Source data:
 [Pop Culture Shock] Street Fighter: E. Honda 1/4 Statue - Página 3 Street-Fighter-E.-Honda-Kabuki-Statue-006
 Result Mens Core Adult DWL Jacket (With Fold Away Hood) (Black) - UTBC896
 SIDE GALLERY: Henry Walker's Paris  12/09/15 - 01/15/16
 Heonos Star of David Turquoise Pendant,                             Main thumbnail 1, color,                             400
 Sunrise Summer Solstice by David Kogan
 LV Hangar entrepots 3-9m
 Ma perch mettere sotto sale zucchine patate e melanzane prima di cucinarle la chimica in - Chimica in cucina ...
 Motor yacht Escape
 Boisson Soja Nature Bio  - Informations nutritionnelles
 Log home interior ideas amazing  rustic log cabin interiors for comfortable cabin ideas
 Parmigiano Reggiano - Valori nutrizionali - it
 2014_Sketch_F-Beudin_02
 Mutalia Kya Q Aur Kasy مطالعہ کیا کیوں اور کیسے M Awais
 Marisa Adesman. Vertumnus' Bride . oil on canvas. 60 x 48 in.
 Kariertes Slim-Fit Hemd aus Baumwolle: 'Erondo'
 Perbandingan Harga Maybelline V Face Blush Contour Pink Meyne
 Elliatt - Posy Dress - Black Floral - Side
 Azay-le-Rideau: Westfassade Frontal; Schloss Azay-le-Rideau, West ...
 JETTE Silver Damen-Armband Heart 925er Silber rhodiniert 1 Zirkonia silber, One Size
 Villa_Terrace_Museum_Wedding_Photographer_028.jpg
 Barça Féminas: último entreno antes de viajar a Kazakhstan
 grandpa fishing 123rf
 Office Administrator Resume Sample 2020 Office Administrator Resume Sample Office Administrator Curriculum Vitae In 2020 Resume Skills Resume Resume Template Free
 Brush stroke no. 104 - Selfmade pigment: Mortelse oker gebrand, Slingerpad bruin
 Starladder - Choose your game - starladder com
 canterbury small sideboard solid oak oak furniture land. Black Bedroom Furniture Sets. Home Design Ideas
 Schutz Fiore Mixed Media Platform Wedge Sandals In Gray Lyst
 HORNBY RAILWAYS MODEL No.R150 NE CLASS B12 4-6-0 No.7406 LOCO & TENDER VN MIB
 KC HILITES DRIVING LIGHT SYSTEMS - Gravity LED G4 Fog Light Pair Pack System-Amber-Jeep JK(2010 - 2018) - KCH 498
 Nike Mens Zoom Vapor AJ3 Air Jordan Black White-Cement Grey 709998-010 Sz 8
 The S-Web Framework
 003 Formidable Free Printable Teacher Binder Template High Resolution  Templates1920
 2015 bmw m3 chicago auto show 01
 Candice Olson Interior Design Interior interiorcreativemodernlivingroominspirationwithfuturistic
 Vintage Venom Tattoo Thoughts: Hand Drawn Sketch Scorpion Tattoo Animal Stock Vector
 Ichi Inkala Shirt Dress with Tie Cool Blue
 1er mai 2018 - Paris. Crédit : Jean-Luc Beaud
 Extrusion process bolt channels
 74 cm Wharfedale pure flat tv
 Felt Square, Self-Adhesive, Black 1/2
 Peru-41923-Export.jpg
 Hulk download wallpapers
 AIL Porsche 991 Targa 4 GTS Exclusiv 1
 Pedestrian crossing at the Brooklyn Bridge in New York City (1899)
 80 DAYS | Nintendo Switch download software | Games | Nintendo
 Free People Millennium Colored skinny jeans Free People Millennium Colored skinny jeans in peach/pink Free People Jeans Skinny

== Problem description ==
Your answer must consist of every line above, transcribed verbatim.

== Response to the task ==
 [Pop Culture Shock] Street Fighter: E. Honda 1/4 Statue - Página 3 Street-Fighter-E.-Honda-Kabuki-Statue-006
 Result Mens Core Adult DWL Jacket (With Fold Away Hood) (Black) - UTBC896
 SIDE GALLERY: Henry Walker's Paris  12/09/15 - 01/15/16
 Heonos Star of David Turquoise Pendant,                             Main thumbnail 1, color,                             400
 Sunrise Summer Solstice by David Kogan
 LV Hangar entrepots 3-9m
 Ma perch mettere sotto sale zucchine patate e melanzane prima di cucinarle la chimica in - Chimica in cucina ...
 Motor yacht Escape
 Boisson Soja Nature Bio  - Informations nutritionnelles
 Log home interior ideas amazing  rustic log cabin interiors for comfortable cabin ideas
 Parmigiano Reggiano - Valori nutrizionali - it
 2014_Sketch_F-Beudin_02
 Mutalia Kya Q Aur Kasy مطالعہ کیا کیوں اور کیسے M Awais
 Marisa Adesman. Vertumnus' Bride . oil on canvas. 60 x 48 in.
 Kariertes Slim-Fit Hemd aus Baumwolle: 'Erondo'
 Perbandingan Harga Maybelline V Face Blush Contour Pink Meyne
 Elliatt - Posy Dress - Black Floral - Side
 Azay-le-Rideau: Westfassade Frontal; Schloss Azay-le-Rideau, West ...
 JETTE Silver Damen-Armband Heart 925er Silber rhodiniert 1 Zirkonia silber, One Size
 Villa_Terrace_Museum_Wedding_Photographer_028.jpg
 Barça Féminas: último entreno antes de viajar a Kazakhstan
 grandpa fishing 123rf
 Office Administrator Resume Sample 2020 Office Administrator Resume Sample Office Administrator Curriculum Vitae In 2020 Resume Skills Resume Resume Template Free
 Brush stroke no. 104 - Selfmade pigment: Mortelse oker gebrand, Slingerpad bruin
 Starladder - Choose your game - starladder com
 canterbury small sideboard solid oak oak furniture land. Black Bedroom Furniture Sets. Home Design Ideas
 Schutz Fiore Mixed Media Platform Wedge Sandals In Gray Lyst
 HORNBY RAILWAYS MODEL No.R150 NE CLASS B12 4-6-0 No.7406 LOCO & TENDER VN MIB
 KC HILITES DRIVING LIGHT SYSTEMS - Gravity LED G4 Fog Light Pair Pack System-Amber-Jeep JK(2010 - 2018) - KCH 498
 Nike Mens Zoom Vapor AJ3 Air Jordan Black White-Cement Grey 709998-010 Sz 8
 The S-Web Framework
 003 Formidable Free Printable Teacher Binder Template High Resolution  Templates1920
 2015 bmw m3 chicago auto show 01
 Candice Olson Interior Design Interior interiorcreativemodernlivingroominspirationwithfuturistic
 Vintage Venom Tattoo Thoughts: Hand Drawn Sketch Scorpion Tattoo Animal Stock Vector
 Ichi Inkala Shirt Dress with Tie Cool Blue
 1er mai 2018 - Paris. Crédit : Jean-Luc Beaud
 Extrusion process bolt channels
 74 cm Wharfedale pure flat tv
 Felt Square, Self-Adhesive, Black 1/2
 Peru-41923-Export.jpg
 Hulk download wallpapers
 AIL Porsche 991 Targa 4 GTS Exclusiv 1
 Pedestrian crossing at the Brooklyn Bridge in New York City (1899)
 80 DAYS | Nintendo Switch download software | Games | Nintendo
 Free People Millennium Colored skinny jeans Free People Millennium Colored skinny jeans in peach/pink Free People Jeans Skinny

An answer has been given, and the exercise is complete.